- Origin: Mount Druitt, Sydney, New South Wales, Australia
- Genre: Drill;
- Years active: 2014–present
- Members: Spenny; Celly; Lekks; J Emz; Taxed;
- Past members: YP;
- Website: www.onefour27.com

= Onefour =

Australian drill group

Onefour (stylised in all caps) are an Australian drill group originating from the Western Sydney suburb of Mount Druitt.

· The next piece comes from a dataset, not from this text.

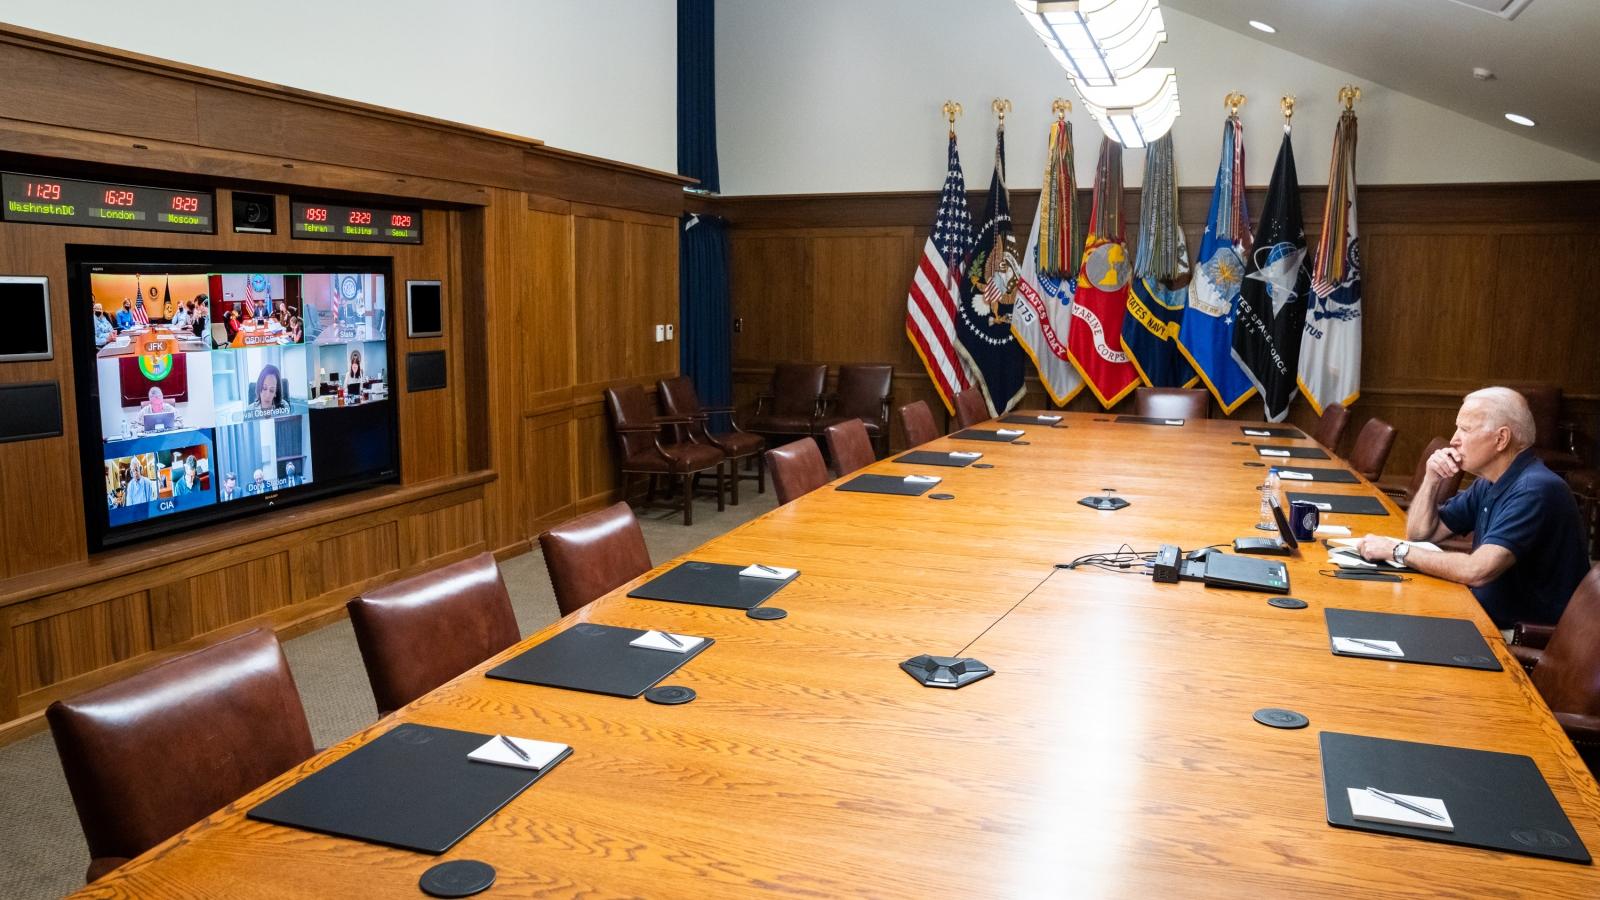 Thư ký báo chí Nhà Trắng được nghỉ, Biden im lặng khi Taliban kiểm soát Afghanistan

They are regarded by many as the pioneers of drill music in Australia, following a run of viral singles in 2019. The group has Five core members: J Emz, Taxed, Spenny, Lekks and Celly.
YP was also a member but he left the group in 2024 to focus on religion.

Their debut EP, Against All Odds, released in November 2020, peaked at No. 7 on the ARIA Charts (Australia) and No. 8 in New Zealand.

==Name and history==

The core members grew up in Mount Druitt, one of Sydney's most disadvantaged suburbs. They knew each other from their schools and their local church (Church of Jesus Christ of Latter-day Saints). Onefour members still identify as members of the Church of Jesus Christ of Latter-day Saints. They are of Samoan descent.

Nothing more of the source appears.